# Thread: Physics - friction up a slope

1. ## Physics - friction up a slope

Problem:
Lindsey's car is driving up a hill when her book bag, which she forgot on the roof, falls off. The bag has a mass of 19kg and slides up the hill 60 meters from its initial speed of 20m/s to rest. If the hill climbs at an angle of 30 degrees then what was the coefficient of friction?

My attempt:

Fn = 19*9.8cos30 = 161N

0 = 202 + 2a(60)
-400 = 120a
a = -3.33 m/s2

F = ma
F = 19 * -3.33 = 63.27N

Ff = μmgcosx
63.27 = μ19*9.8*cos30
μ= .393

Is this correct? Is the parallel component required in this case? In what cases is it required?

2. ## Resolving forces

Hello Intrusion
Originally Posted by Intrusion
Problem:
Lindsey's car is driving up a hill when her book bag, which she forgot on the roof, falls off. The bag has a mass of 19kg and slides up the hill 60 meters from its initial speed of 20m/s to rest. If the hill climbs at an angle of 30 degrees then what was the coefficient of friction?

My attempt:

Fn = 19*9.8cos30 = 161N

0 = 202 + 2a(60)
-400 = 120a
a = -3.33 m/s2

F = ma
F = 19 * -3.33 = 63.27N
Originally Posted by Intrusion
Ff = μmgcosx
63.27 = μ19*9.8*cos30

μ= .393

Is this correct? Is the parallel component required in this case? In what cases is it required?
Thanks for showing us your working.

The diagram shows the forces acting on the book.

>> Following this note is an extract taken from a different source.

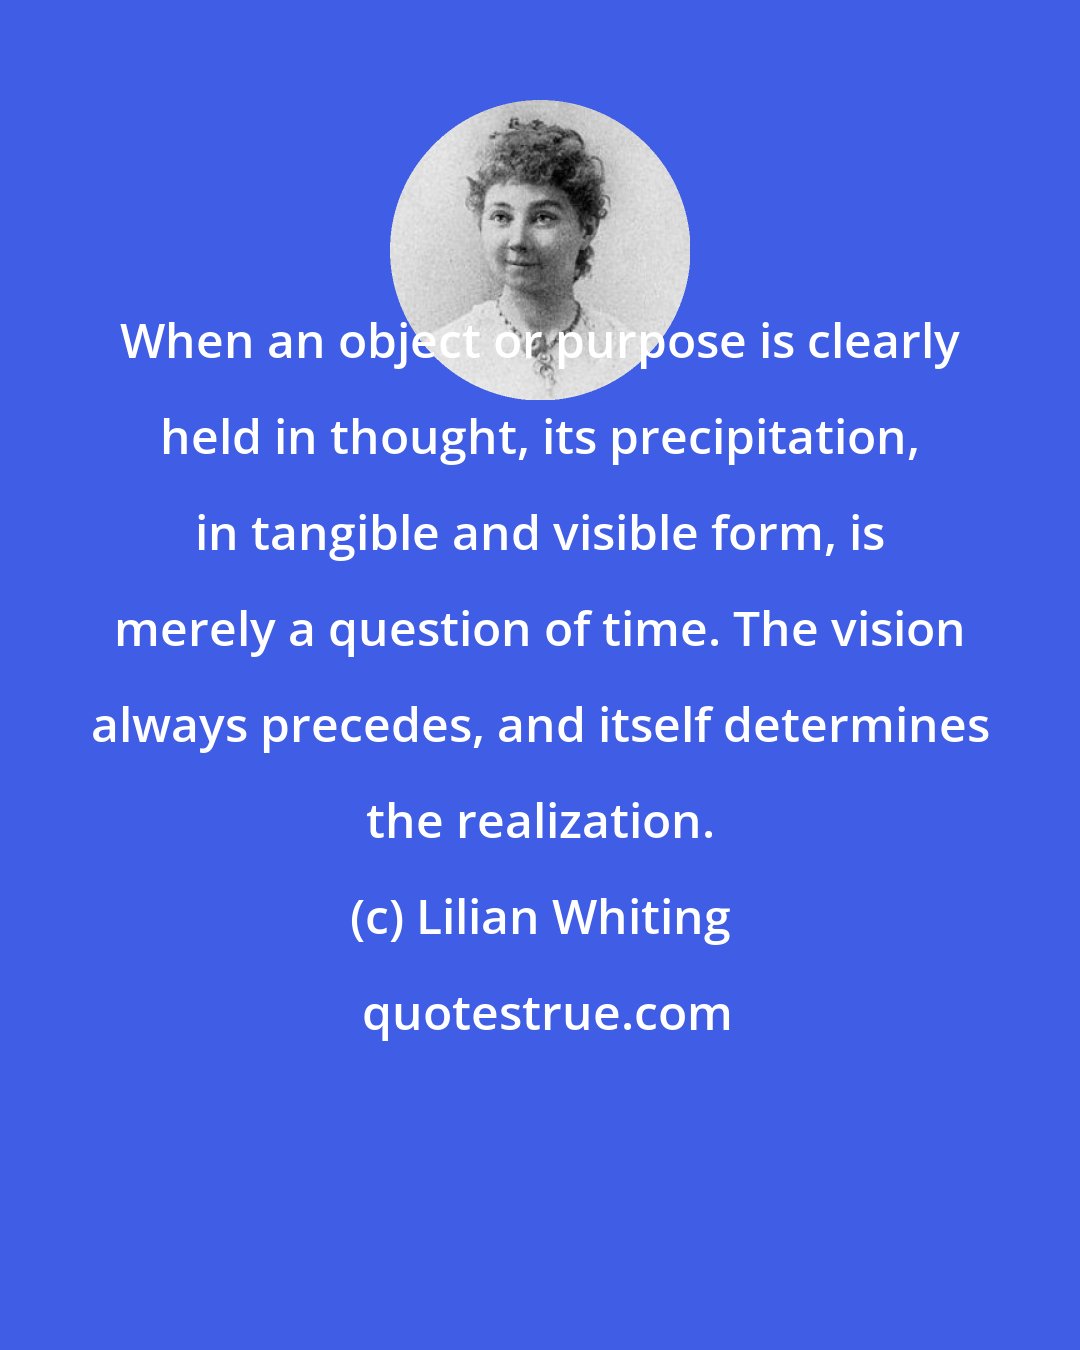 Lilian Whiting: When an object or purpose is clearly held in thought, its precipitation, in tangible and visible form, is merely a question of time. The vision always precedes, and itself determines the realization.

Resolve at right angles to the plane:

$\displaystyle N - mg\cos 30^o = 0$

So your first equation is correct.

And you have correctly calculated the acceleration (although you have rounded off a bit too much; the answer is more accurately 63.33.)

But when you resolve down the plane:

$\displaystyle F + mg\sin 30^o = ma$

So your 'friction force' equation is wrong. You need to take the component of the weight into account.

Can you complete it now?